Just track the hardware. A couple of days of normal usage and should be able to assign a 99% probability on you being the owner of that phone.

  • eptcyka 2 hours ago

    You should never turn on your burner in a place where you use your regular phone, duh.

    • SoftTalker 14 minutes ago

      Even using it in the same city, would only require time and maybe a bit more correlation to identify an individual.

Phelinofist an hour ago

How does GrapheneOS help in that?

  • kelnos 17 minutes ago

    It doesn't specifically help with obtaining a SIM without presenting ID, but it does help make it easier to avoid later leaking your true identity to Google/Apple/etc. once you start using the phone.

4gotunameagain 3 days ago

> which means burners do not really exist in those places.

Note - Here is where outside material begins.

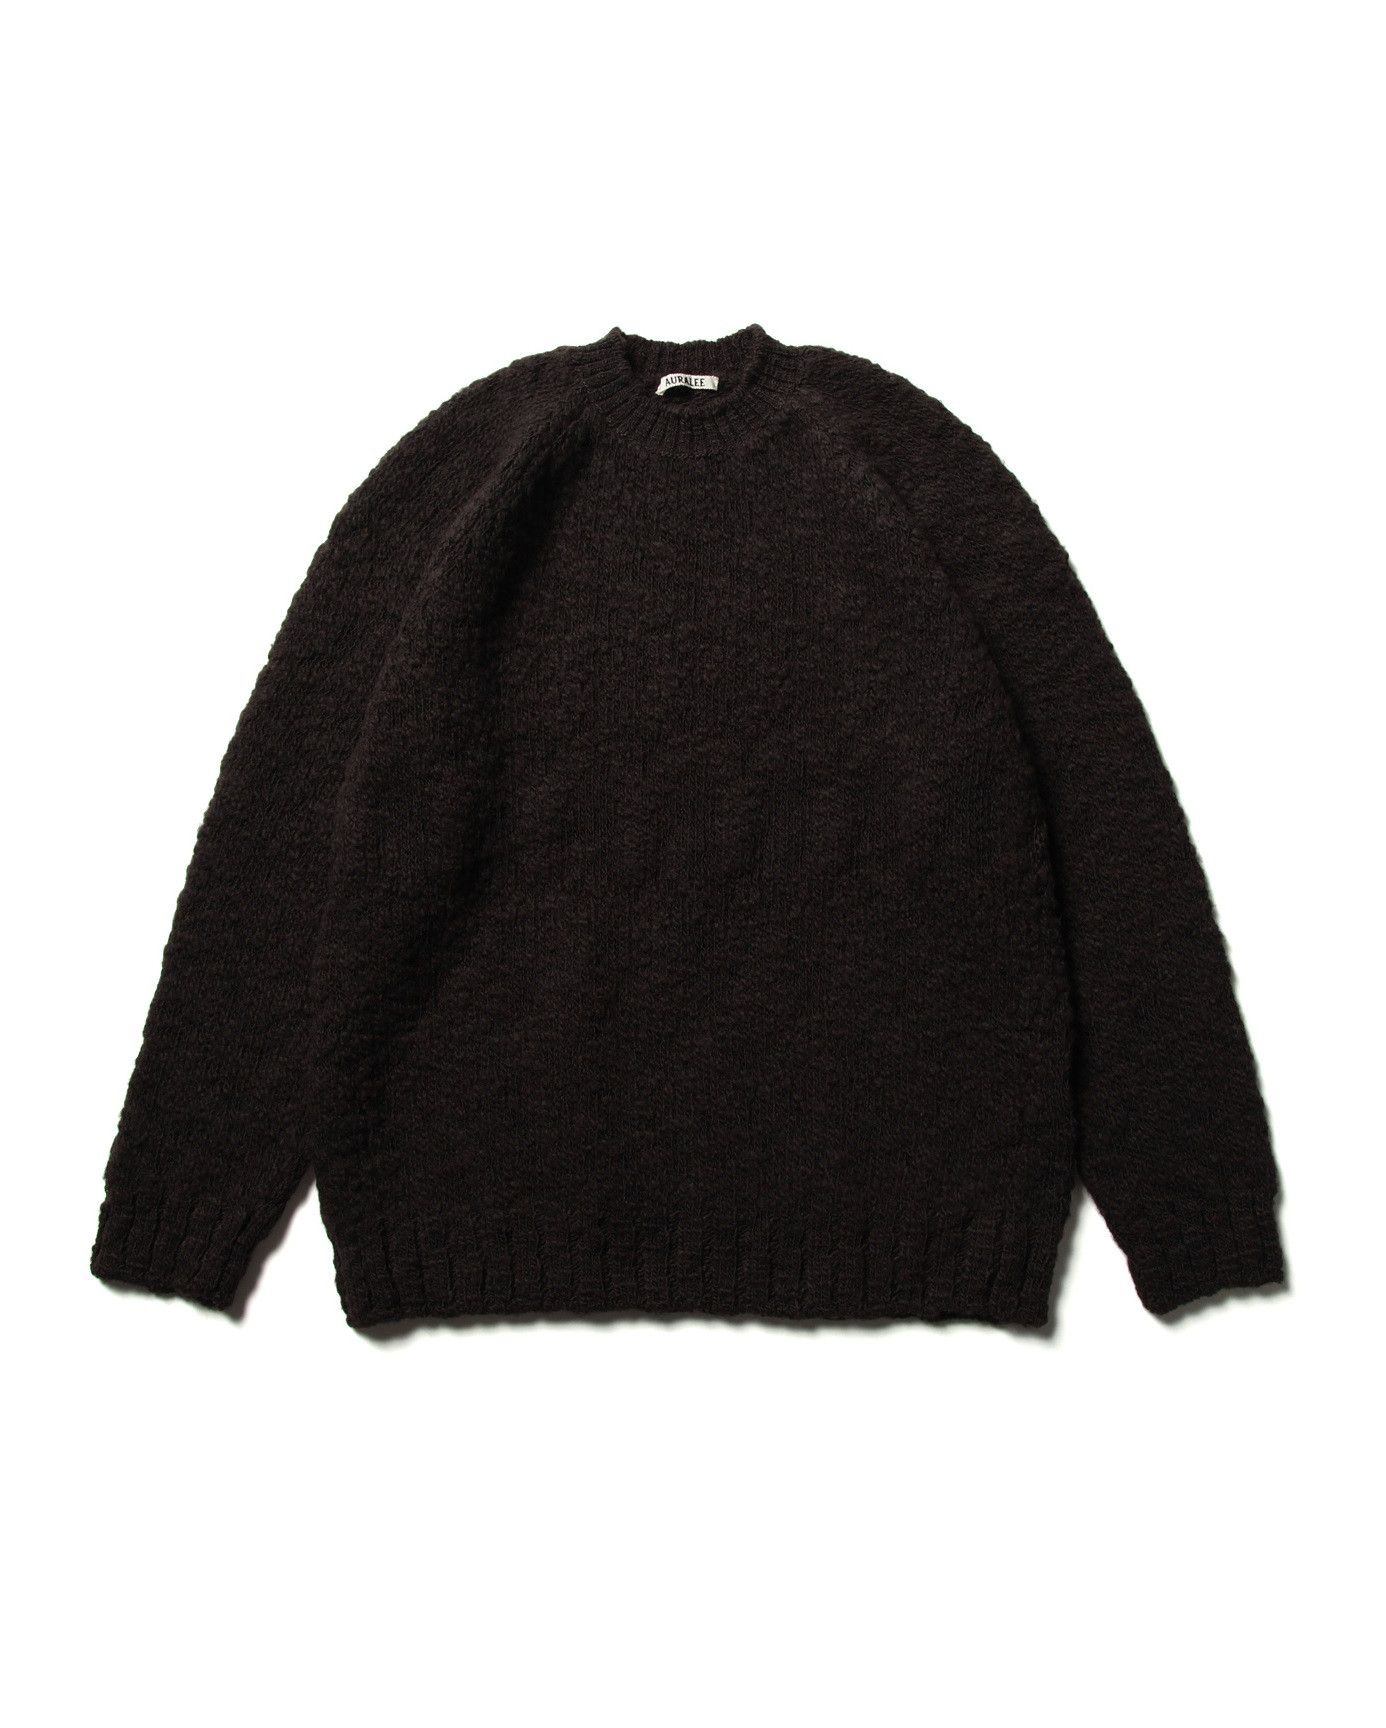 Auralee Auralee Slub Knit Sweater - Brown Wool | Grailed

This is very wrong. In Germany you can go to any shady kiosk in a big city and buy a pre activated SIM card invariably registered to some Arabic or Pakistani name.

You can buy it in cash. Completely untraceable if you take care of CCTV.

  • breppp an hour ago

    Going to buy a prepaid SIM registered under an arabic name in europe is probably the safest way of getting traced by a government

  • cedws 2 days ago

    IMEI + cell tower triangulation easily makes it traceable. If the authorities want to find you, they can.

    • lazide a day ago

      Once they know to look for you, sure, which is why you use a disposable phone and actually dispose of it before anyone has a reason to look for that specific one. That’s literally the whole point.

      They might go an ask Achmed some hard questions later, but he’s long since left the country and never met you anyway.

hopelite 2 hours ago

Seems like an excellent business model for the homeless.